REQUIRED WORK: With the pictures excluded, reproduce all of the data exactly.

MATERIAL PROVIDED:
——

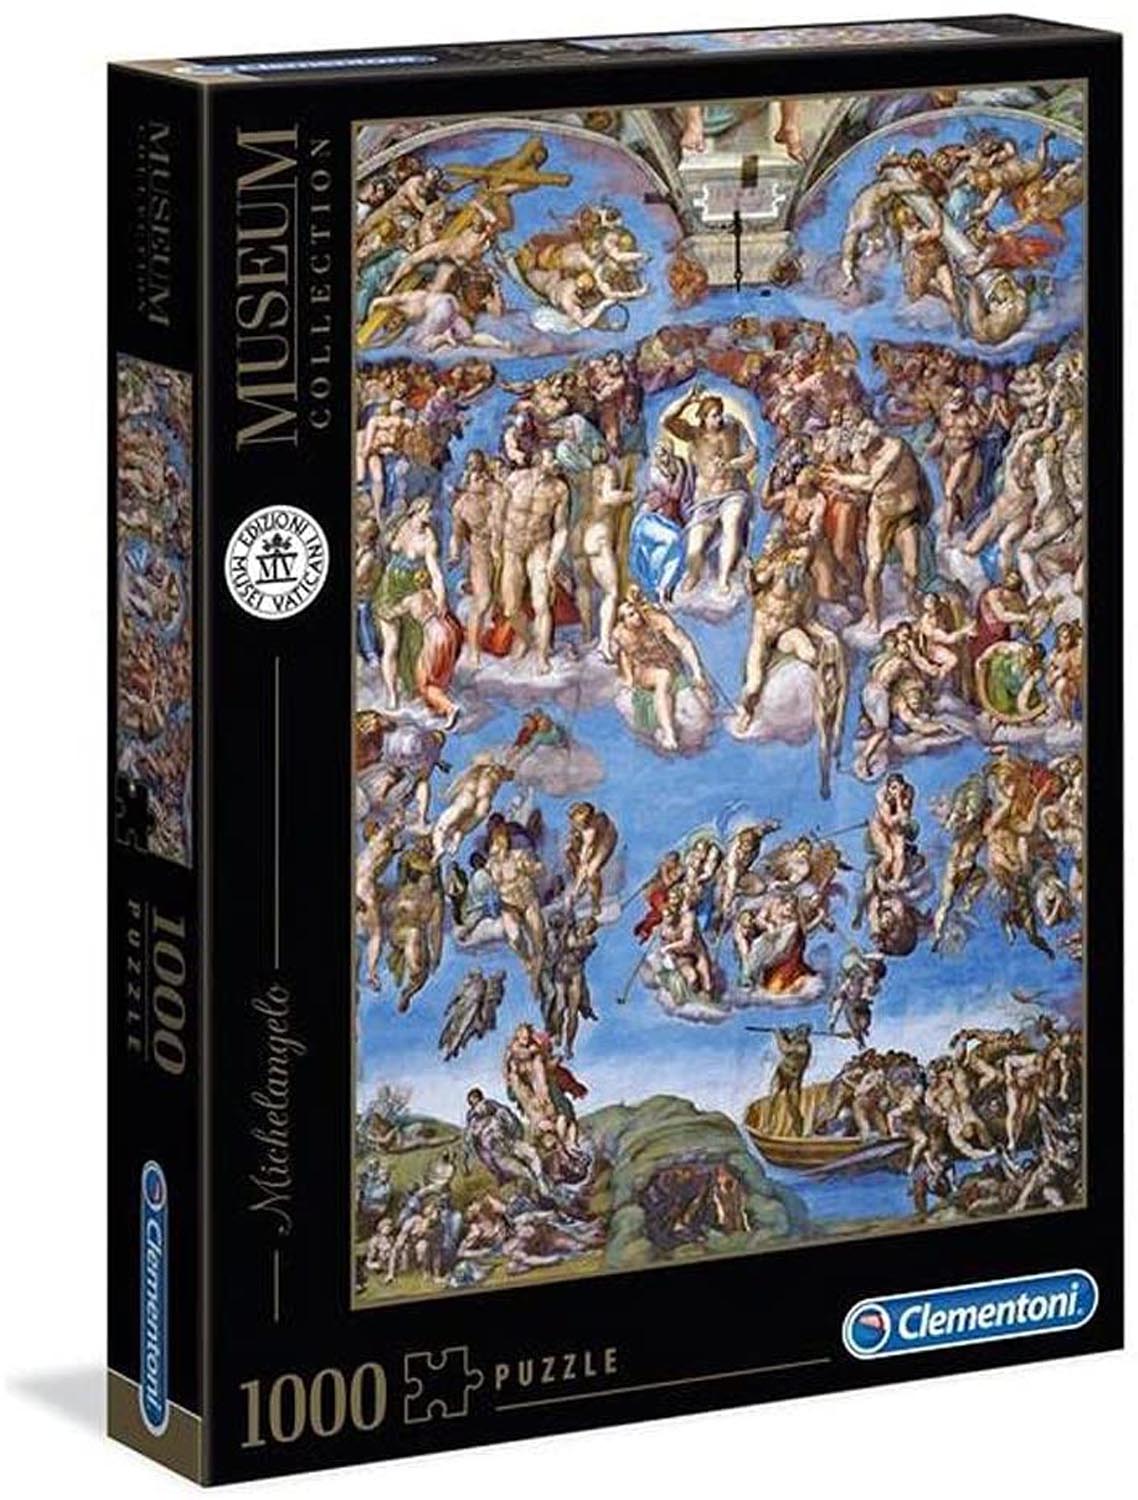 31416 Clementoni Puzzle 1000 Teile Musseum Collection Jacques Louis David The 
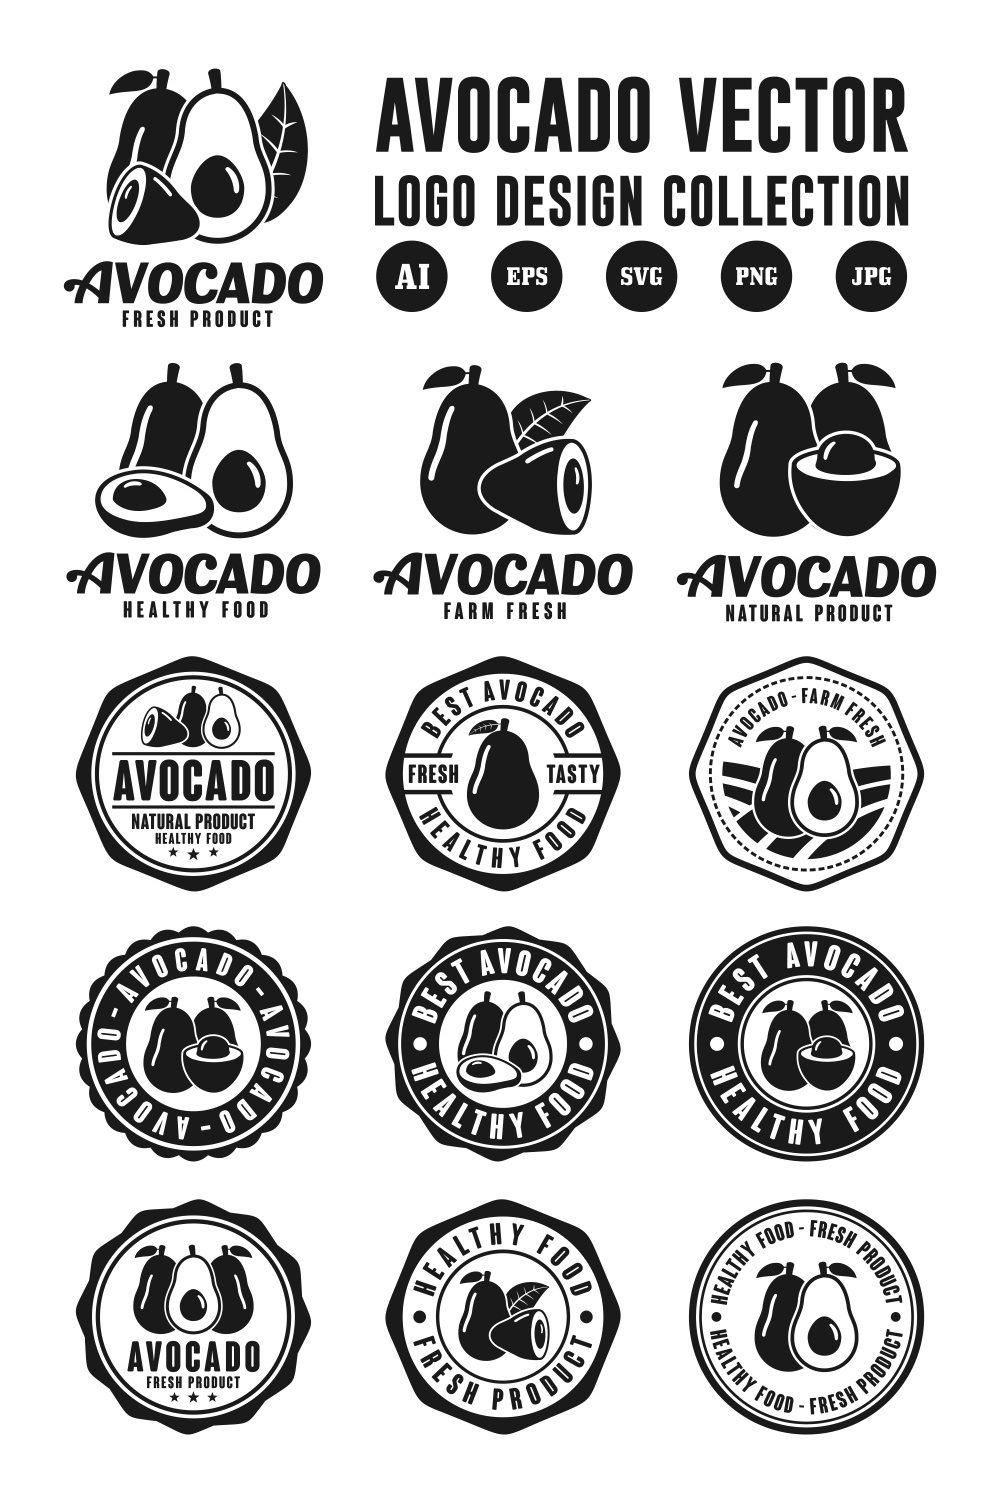 Set Avocado vector logo design collection - $6 pinterest preview image.
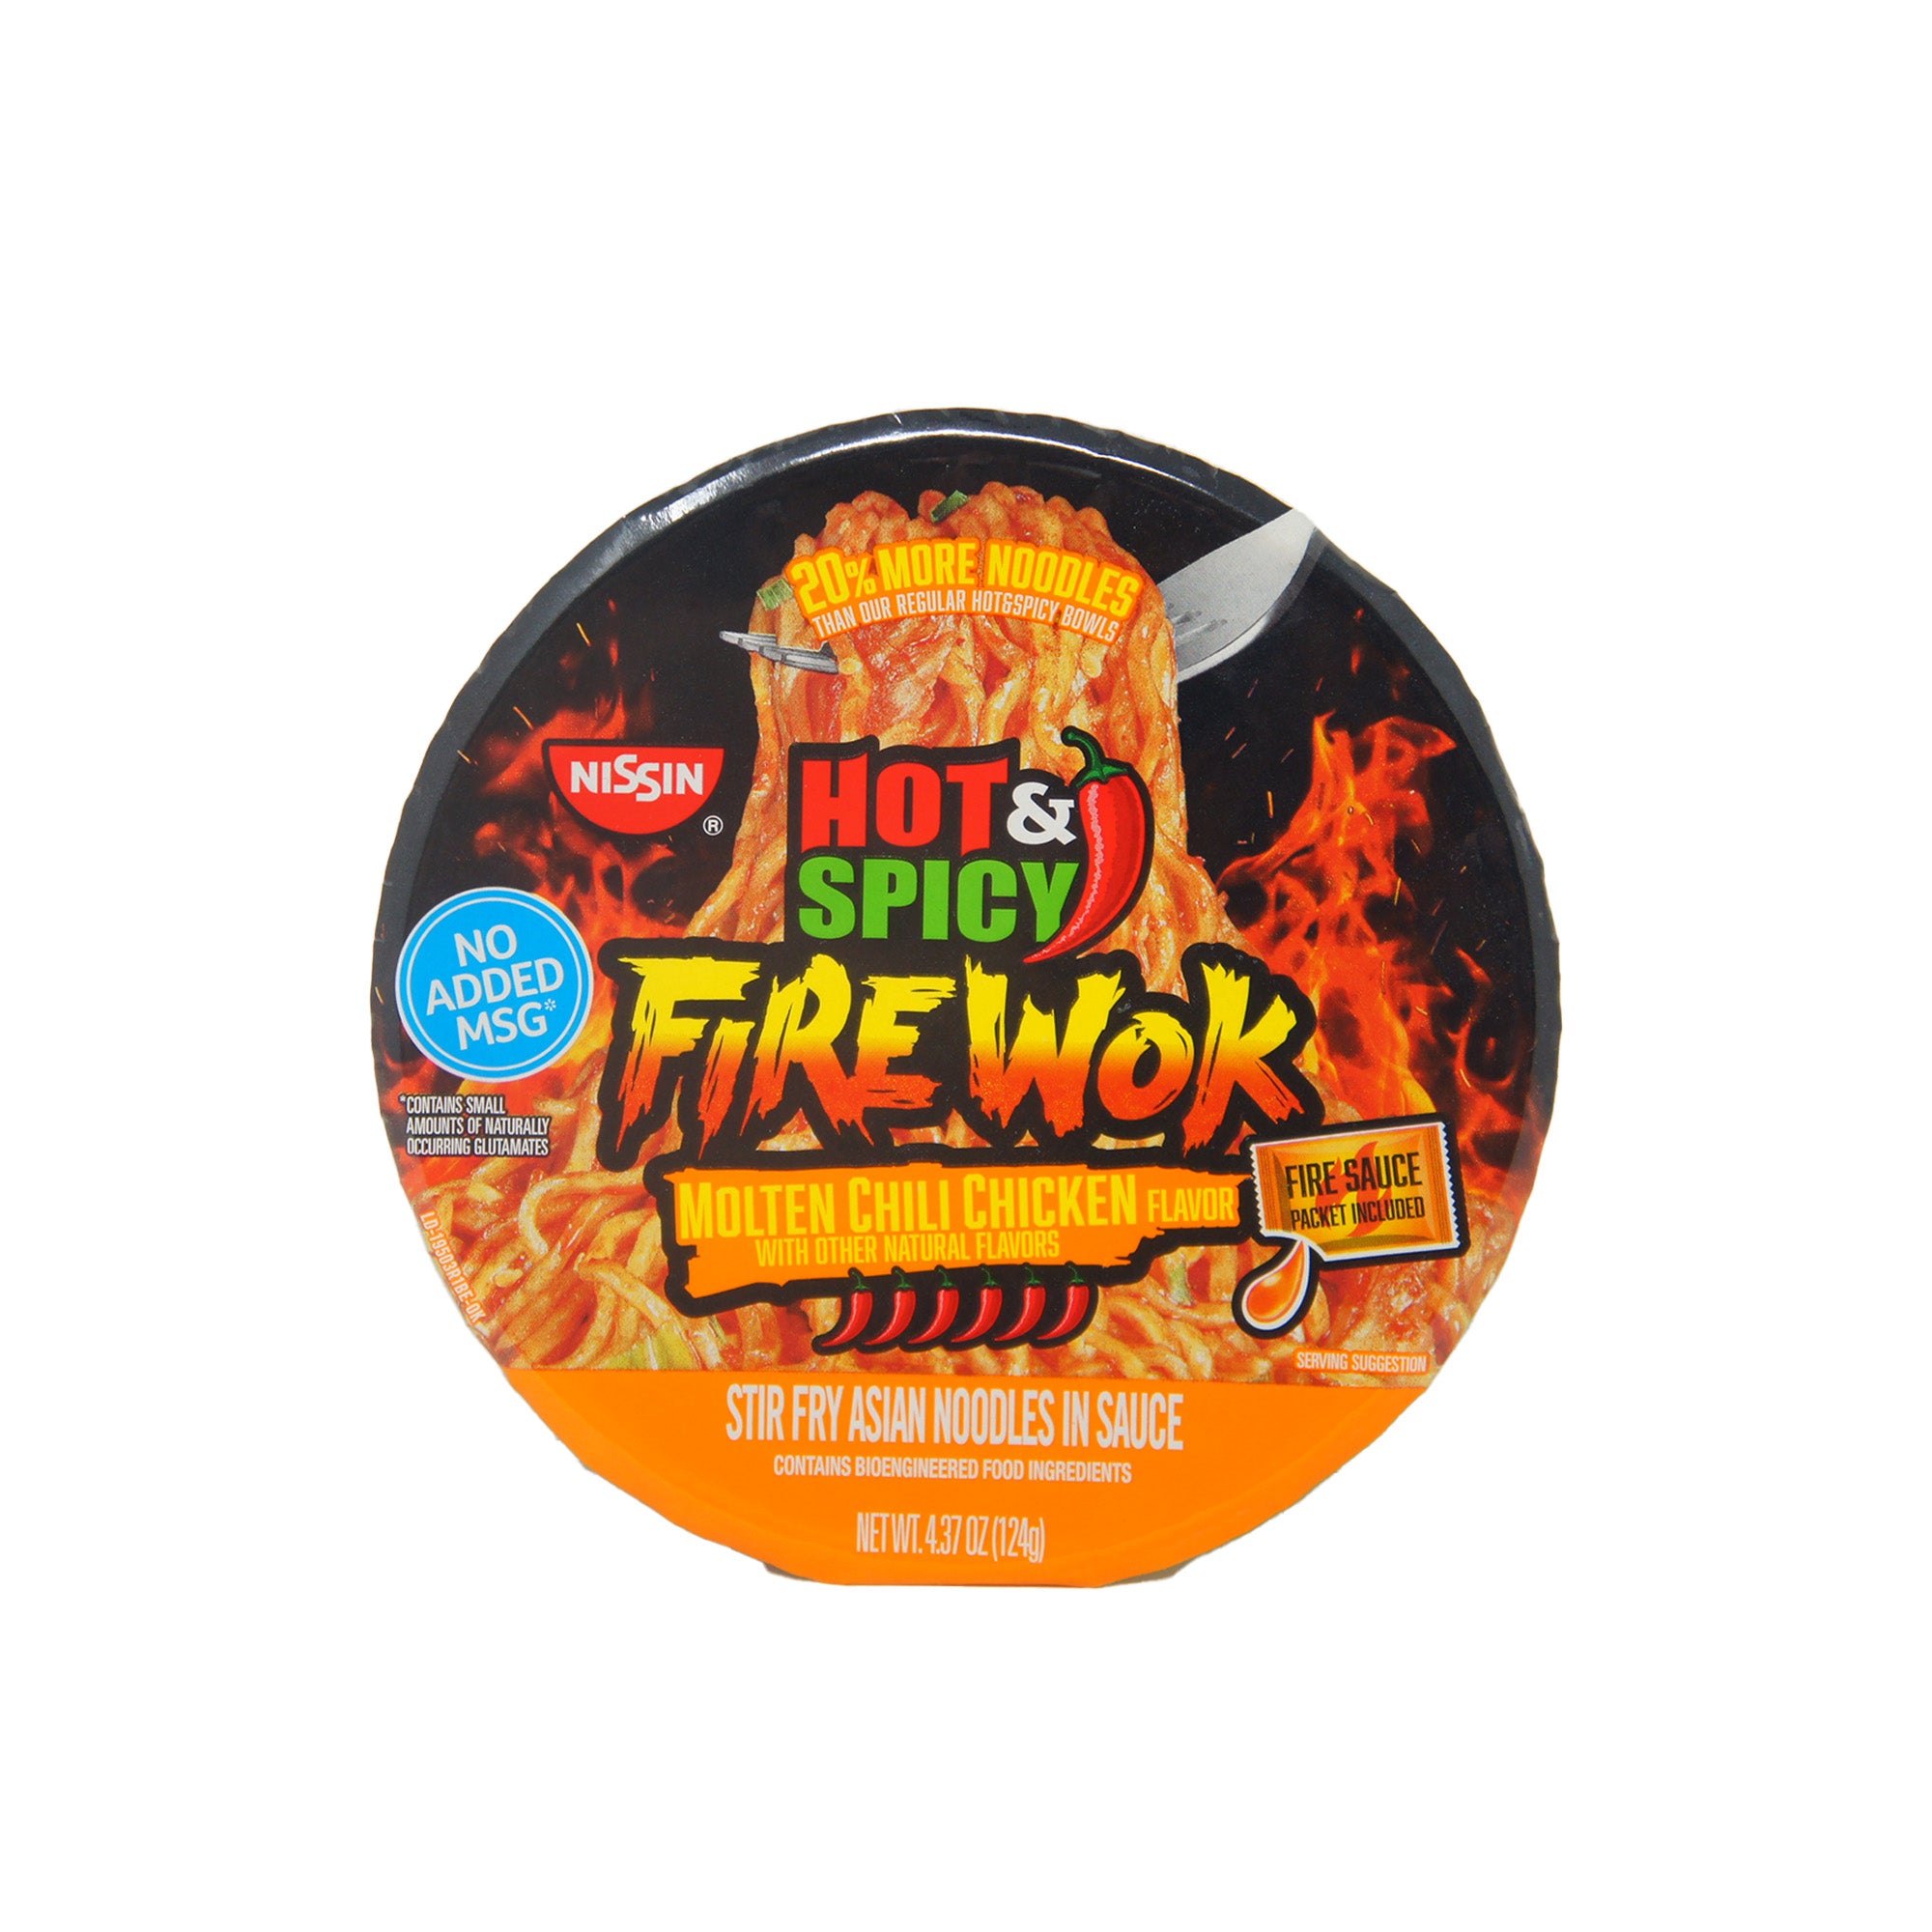 Hot & Spicy Firewok, Molten Chili Chicken Flavor, 4.37 oz

——

TASK SOLUTION:
 31416 Clementoni Puzzle 1000 Teile Musseum Collection Jacques Louis David The 
 Set Avocado vector logo design collection - $6 pinterest preview image.
 Hot & Spicy Firewok, Molten Chili Chicken Flavor, 4.37 oz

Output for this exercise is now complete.